1泊2日の全行程を通して盛りだくさんの内容で充実していた。

日ごろの行では、なかなかこの充実度は味わえない。

かなりの疲労がたまった状態で参加したし、行の合間では睡魔が襲ってくるわ、大あくびを連発するわ、
山歩き自体は好きだし距離的にも大変ではなかったが、蒸し暑さに結構きていた。

が、お肌はすべすべになったし、けだるさも感じず、気力の充実を感じることができたのは、
やはり他の参加者がいたからこそ。

御岳山という場のもつエネルギー、迎えてくれた神職さんや宿の主人などお世話してくださった方のエネルギー、
そして参加した方々のエネルギーを感じられたからだと思う。

これは日々の行や1人での行ではなかなか得られないわけで、
大勢で修行することの意味を感じた2日間だった。

でもその意味を感じられたのは、日々の行の積み重ねであることは強調しておきたい。

得度って?

帰りの電車の中で、同室になった参加者の方と話をしていた。

私、今度得度しようと思っているんだ、と話したら
,一人の方は、実は私も得度したいと思ってるんだ、とおっしゃった。
一人の方はえっ?お坊さんになるの?って言われた。

これには私の方が面食らった。

なぜかというと私は、小林さんから「得度って一時しのぎの避難所」みたいに考えるといいよ、って言われた記憶があって、
「坊さんになる」とかそういう意識は全くなかったから。

気功の盛先生が、名前は大切。
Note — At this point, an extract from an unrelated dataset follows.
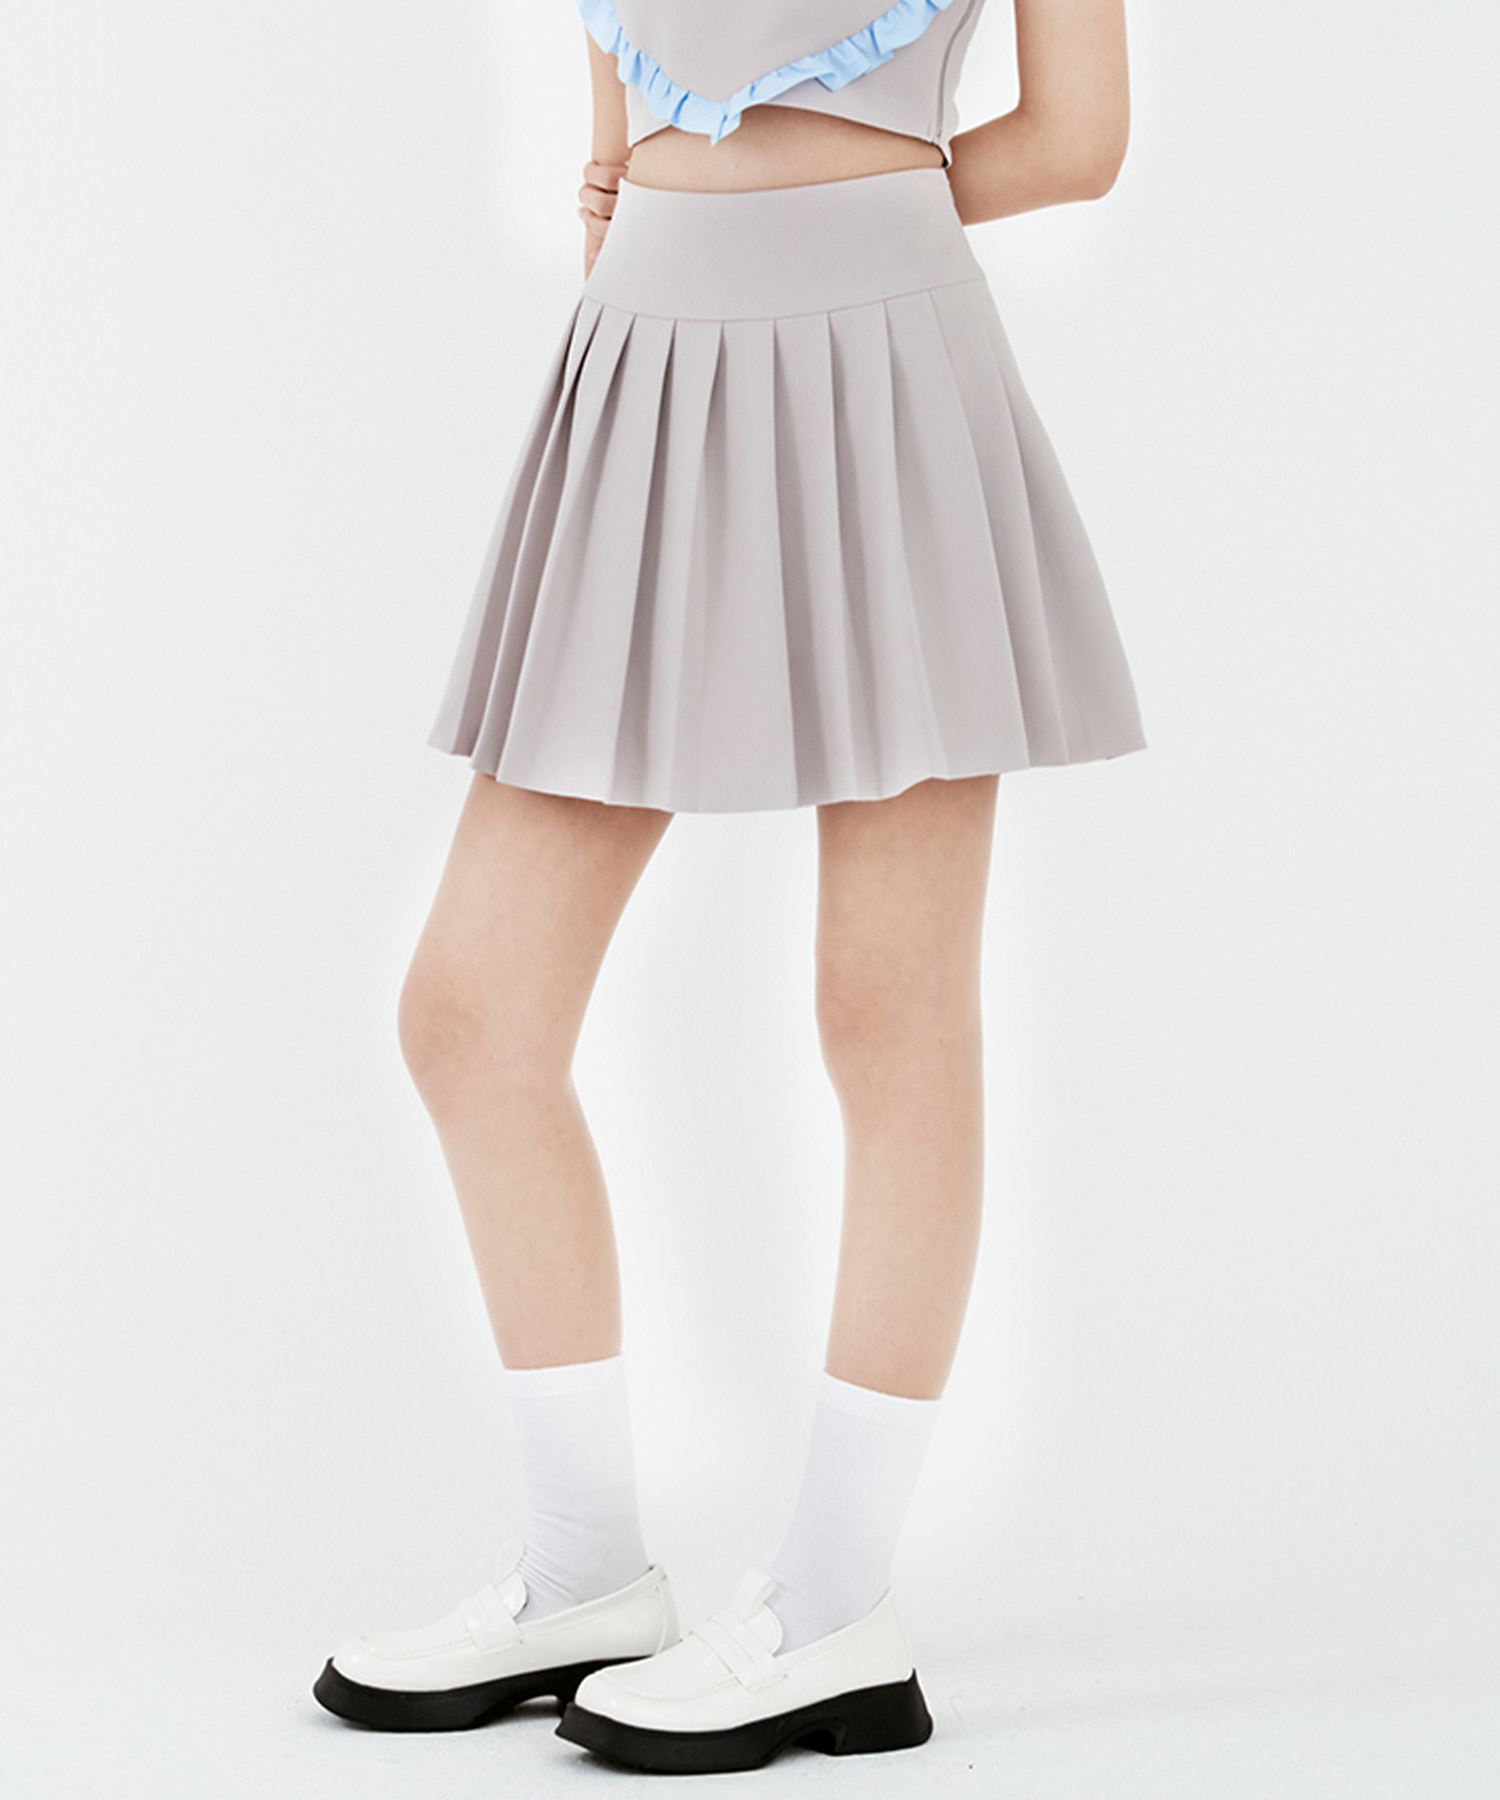 60822 HEART CLUBPleated Solid Tone Skirt

親からもらった名前以外にあと2つぐらい名前をもつといい。
と教室でよく言われているのを聞いていたので、そうか、それなら違う名前を持ってみようかな?
ぐらいにしか得度を考えていなかったから。

得度ってどうしたらできるのか?とか具体的に質問されだした私は、
急に自分が得度のことを何も知らないのに気づいた。

やばい!ちょっと弱気になる。

帰ってネットで調べてみる。
う〜ん、いろいろお金かかりそうだな、とか儀式いろいろあるんだな、とか。

現世に未練たらたらの私みたいな者がなってはまずいのでは?と思う次第で・・・。

型を離れて

しかし、ふとある言葉を思い出した。
松岡正剛が編集学校の生徒に向けてよく放つ言葉を。

「型を守って型に出て、型を破って型へ出て、型を離れて型を生む」

得度、というのは、一度死んで、違う価値観をもつ人として生まれ変わって最初の段階、
まず「型を守って」という段階なのだろう。

そう考えれば、そのはるか先に型を離れて型を生む、という段階があるわけで、そう考えれば気がらくだ。

私は得度することで「型を守り」そしていつか「型を離れて型を生む」ことができるように、なりたい。

こんな変な?!得度者もいたのかと、新たな得度者のイメージを創造したい、
そう思った、修行体験の翌日であった。